• **TASK TO COMPLETE**:
Could you transcribe all of the data exactly and skip any pictures?

• **DATA SEGMENT**:
= = =

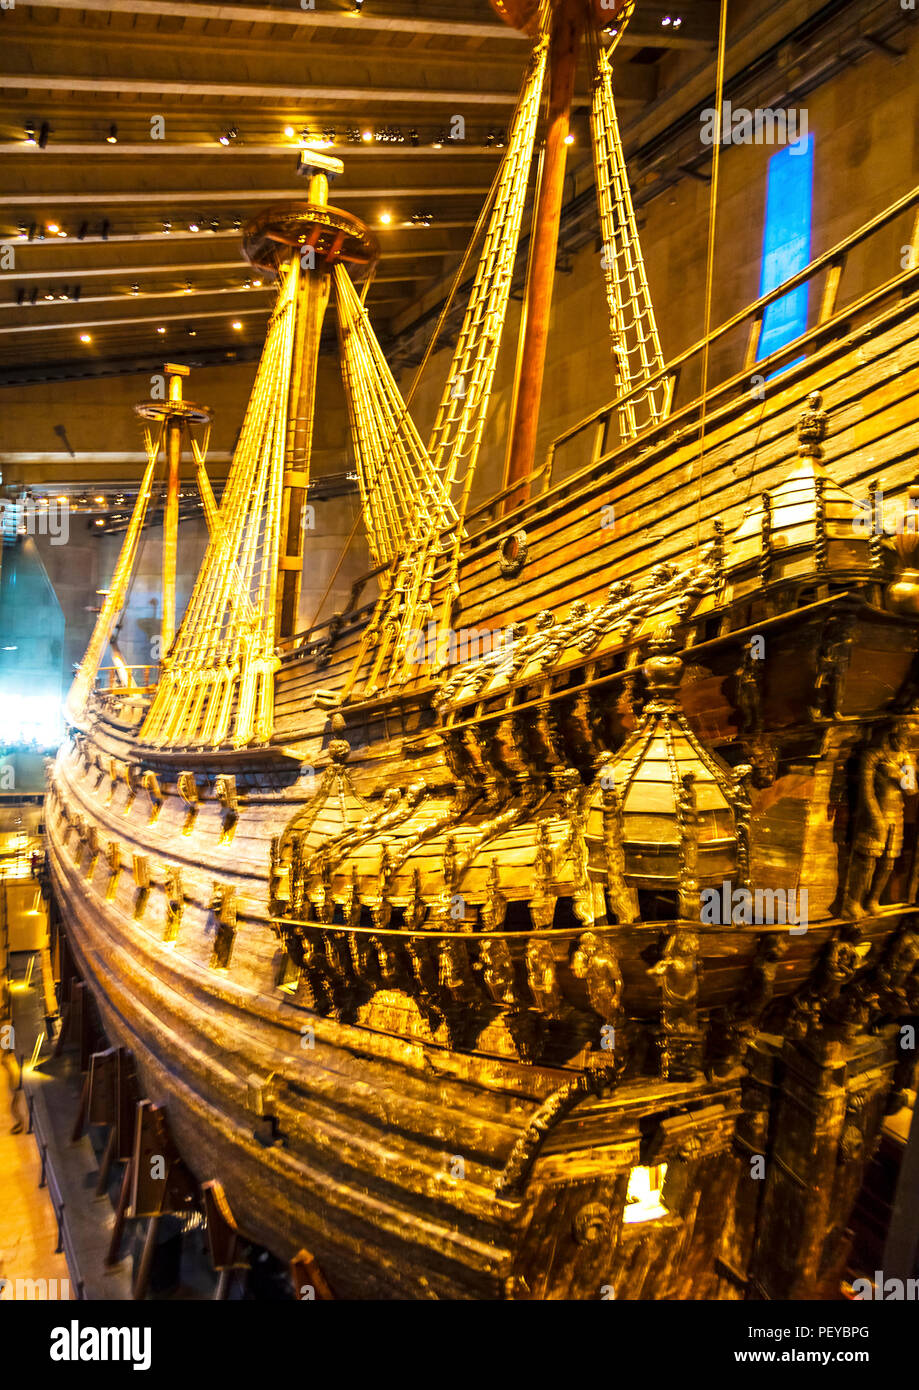 La VASA, un buque de guerra de madera que se hundió en su maden voyage en  1628 en el puerto de Estocolmo Fotografía de stock - Alamy
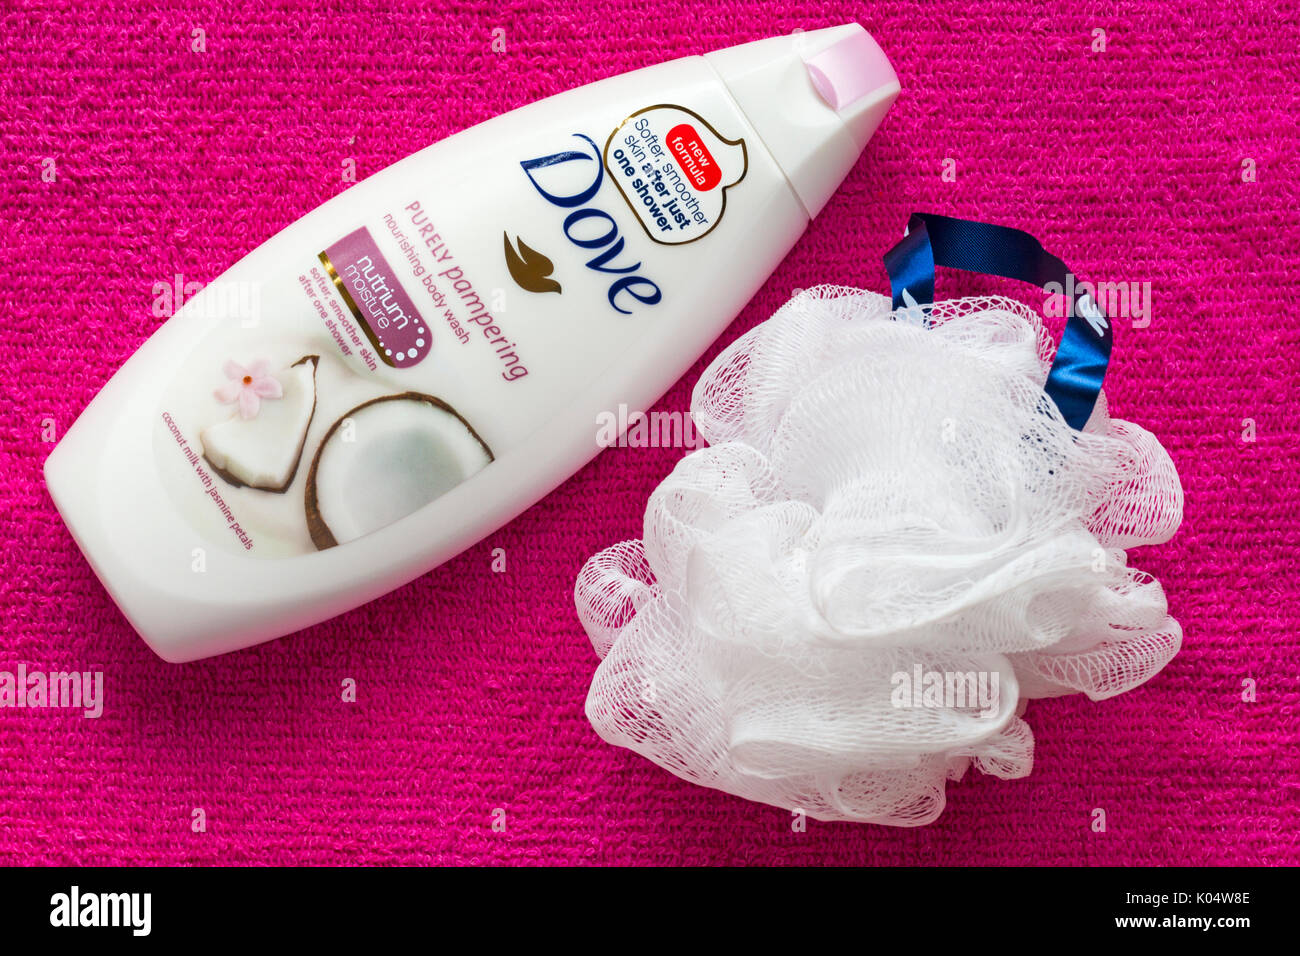 Bouteille de soins purement Dove nourishing body wash avec douche puff sur serviette rose Banque D'Images
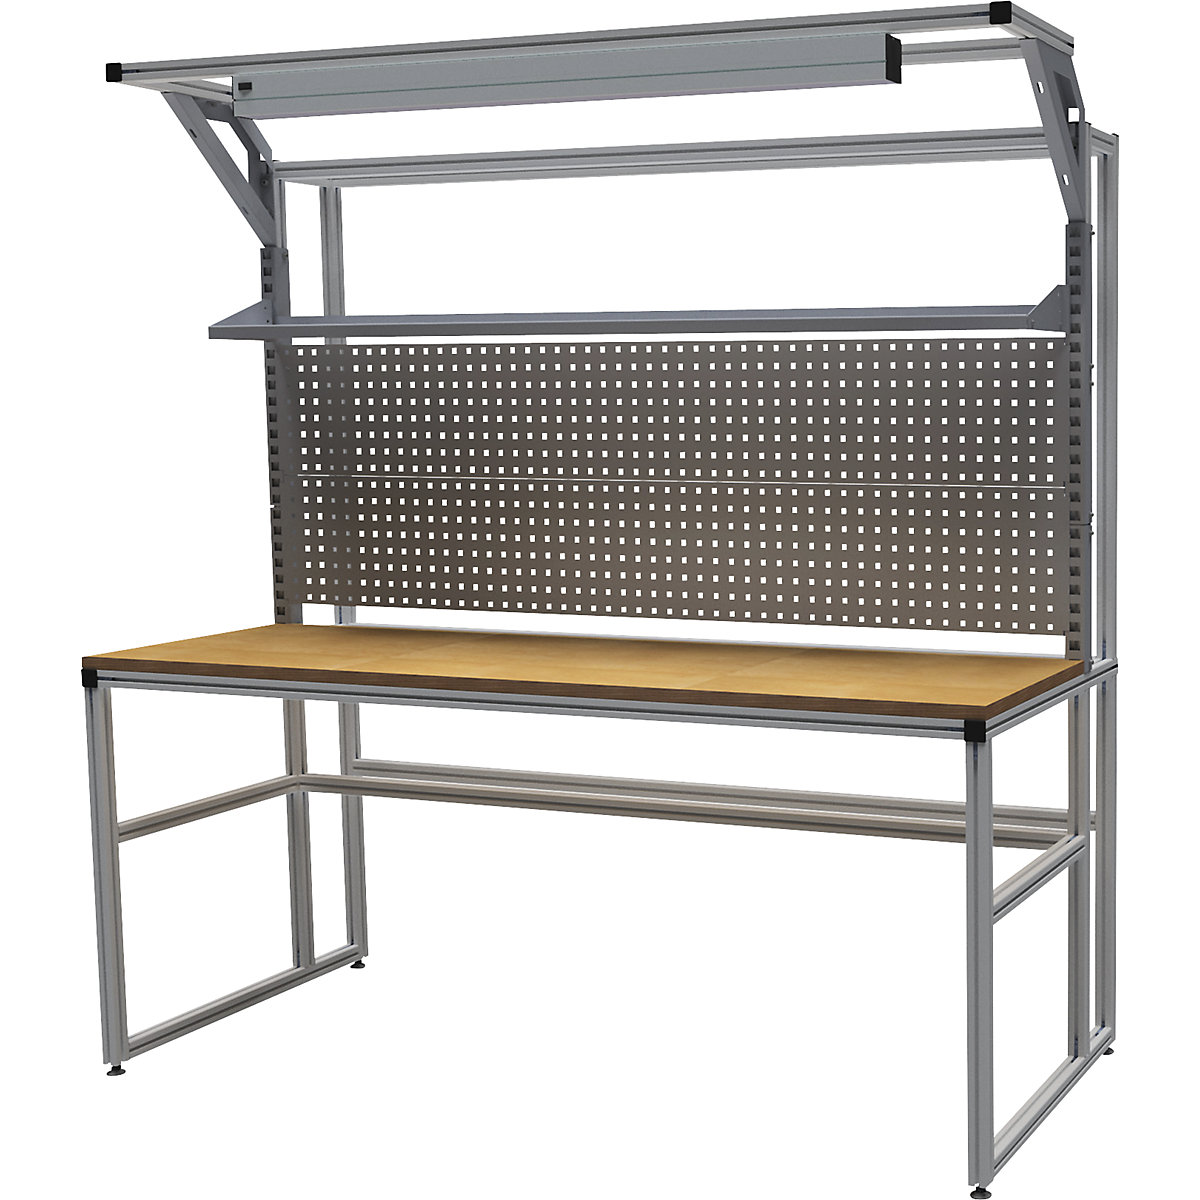 Stół warsztatowy aluminiowy workalu® z modułem systemowym, jednostronny – bedrunka hirth

= = =

• **REPLY**:
 La VASA, un buque de guerra de madera que se hundió en su maden voyage en  1628 en el puerto de Estocolmo Fotografía de stock - Alamy
 Bouteille de soins purement Dove nourishing body wash avec douche puff sur serviette rose Banque D'Images
 Stół warsztatowy aluminiowy workalu® z modułem systemowym, jednostronny – bedrunka hirth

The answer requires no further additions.